到底是自己看著長大的孩子,許家兄妹倆的想法李秋菊看得出來,隻須臾的躊躇,還是決定把話跟孩子說清楚。
“林生,不能這麼說你爹,你們兄妹仨他都當寶貝似的疼,費的心力多了去了。若不是他頂著,你以為你能拖到現在還不成親?姝兒的婚事能這麼順利?彆說都是你的功勞,老太太還不至於給你這個麵子。”
二十多年了,許林生還是頭一回見李秋菊說話這麼不客氣,尤其是對他這個繼子,向來都是溫柔的。

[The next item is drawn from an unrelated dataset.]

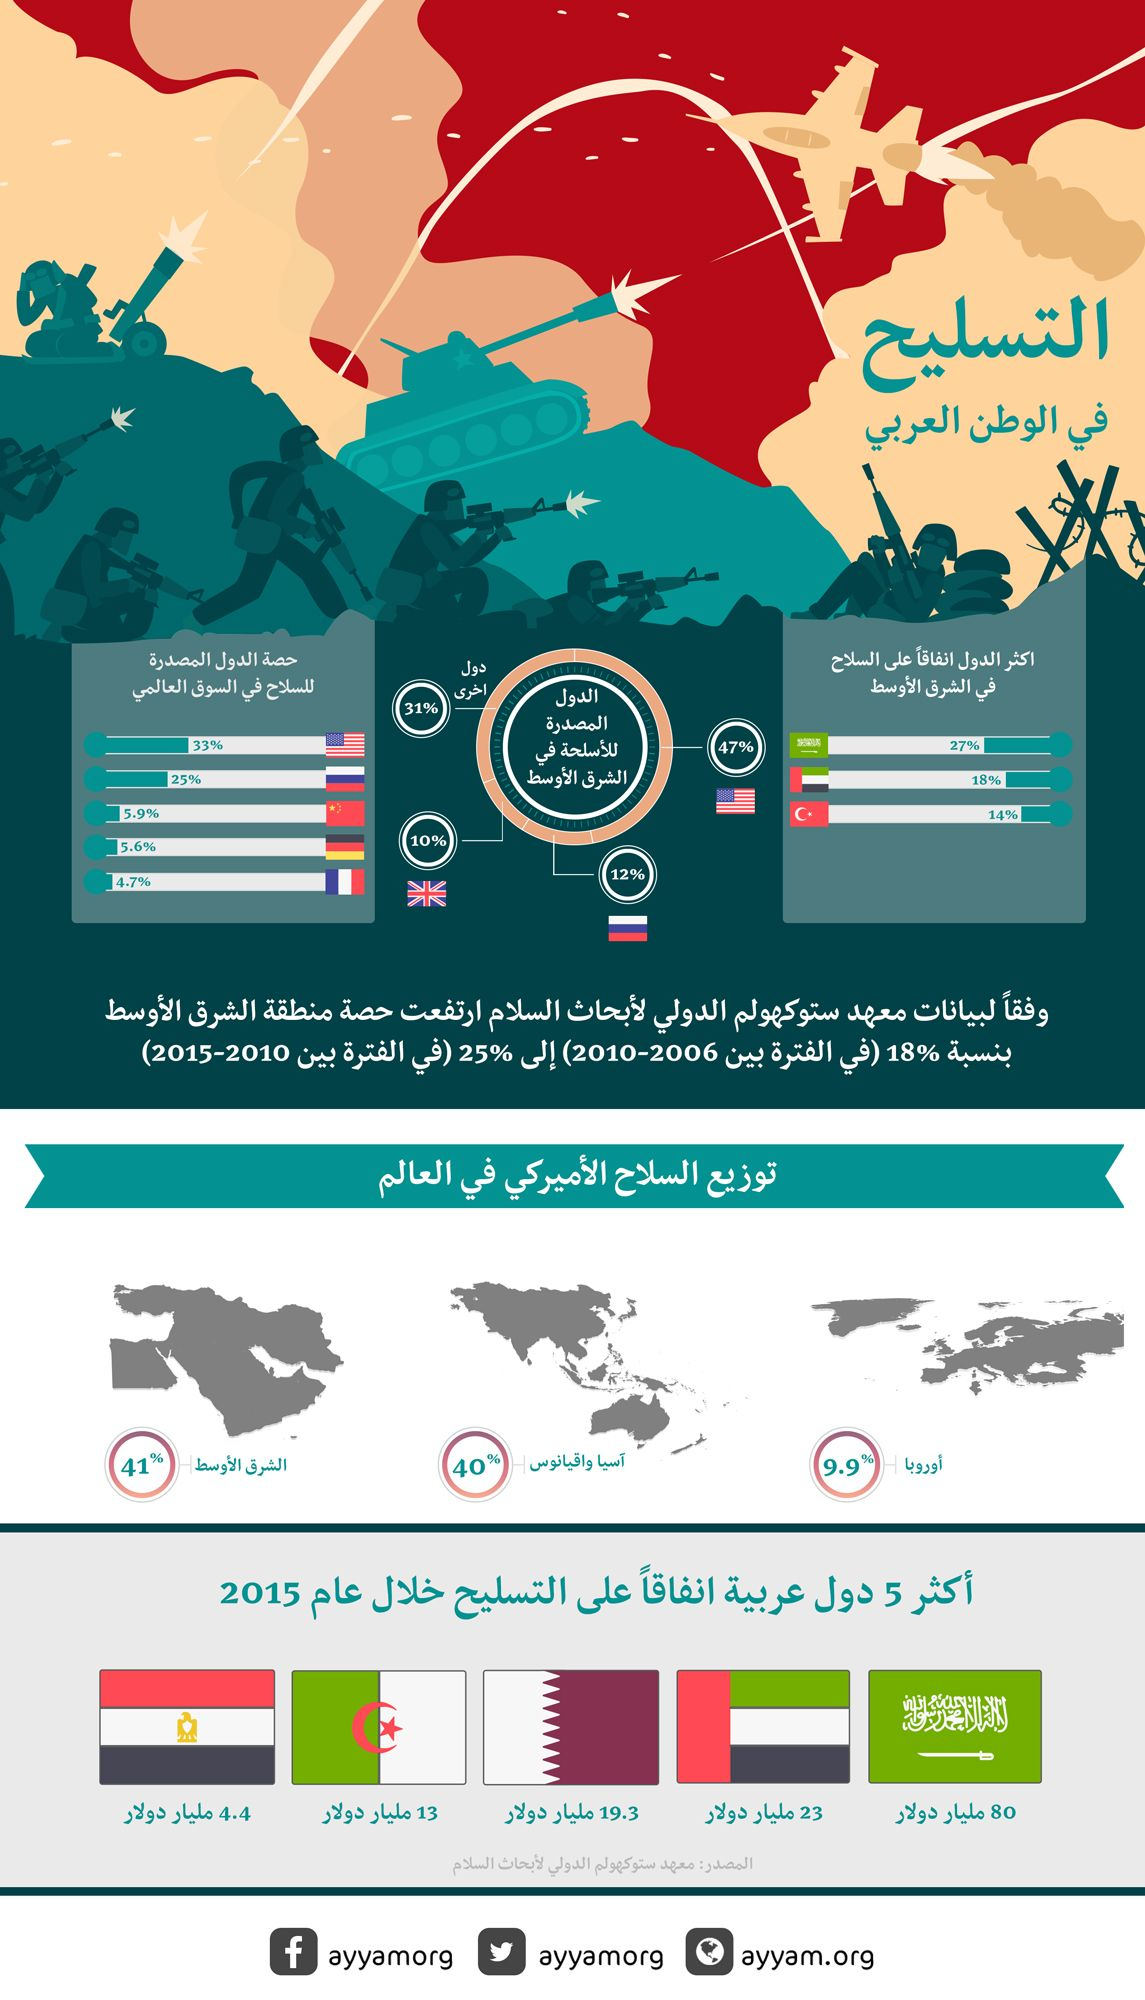 التسلح في الوطن العربي تعرف على أكثر دول الشرق الأوسط إنفاقا على الأسلحة وعلى حصص الدول المصدرة للسلاح Syria Middleeast Weapon Guns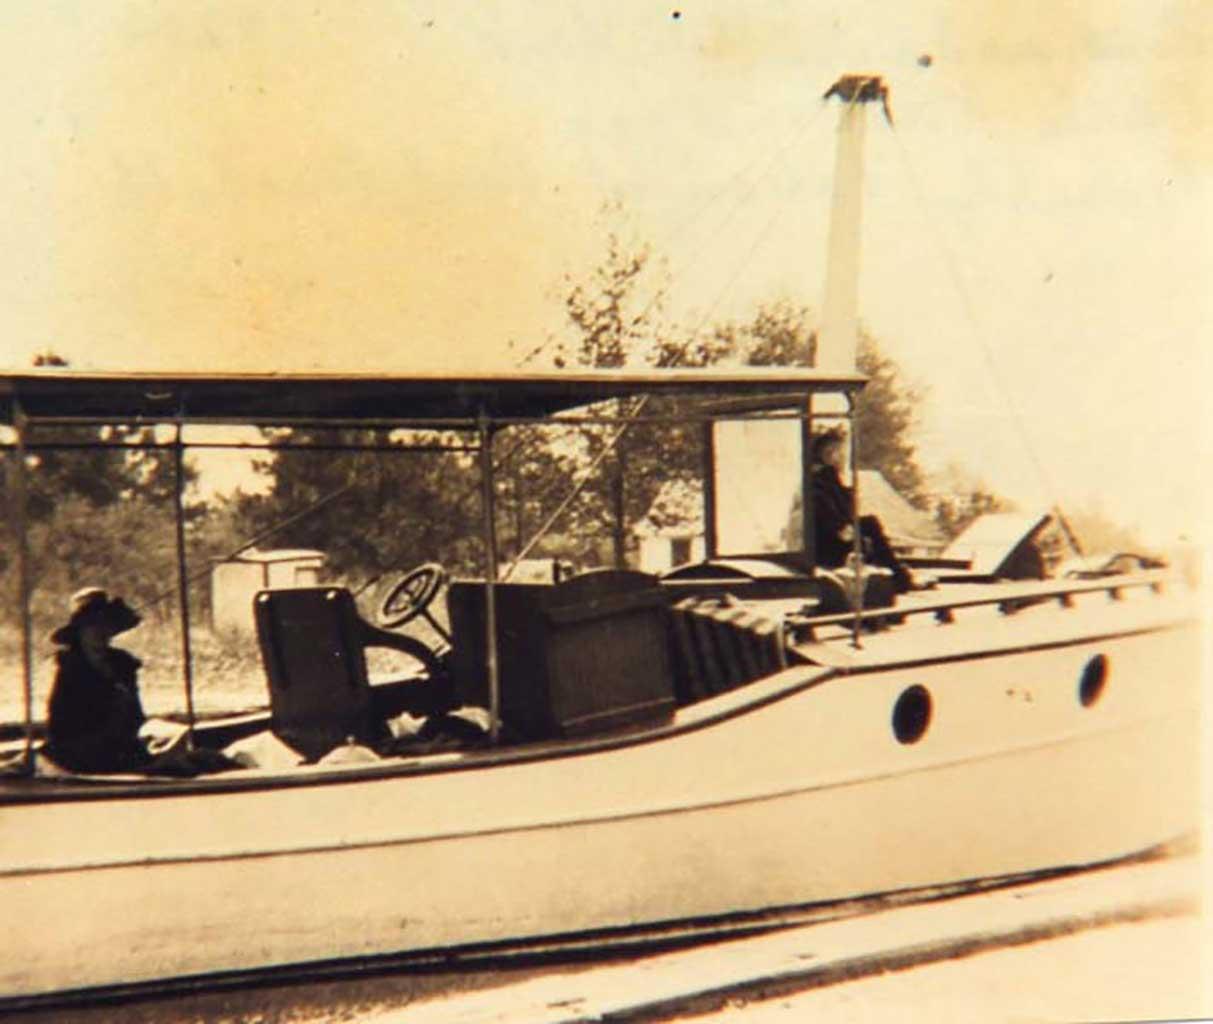 merle-kirk-boat-made-by-jr-kirk-c1920s-img254

“他才沒有躲清淨,他是出去想辦法了,爭取年前就把這事給解決了。”
當著這麼多外人,許林生不管不顧,李秋菊可沒打算把家醜宣揚得人儘皆知。
想起最近他爹的舉動,許林生稍微動了動腦子,大概知道了他爹的打算。隻是,這事沒那麼容易成。比起他爹,他更喜歡凡事做兩手準備。
“萬一,在這段時間偏心眼子來硬的呢?”
李秋菊語塞,他相信許向東,但……兒子的擔憂很有可能。手中的帕子越擰越緊,心中的慌亂也越發明顯起來。她,不能賭!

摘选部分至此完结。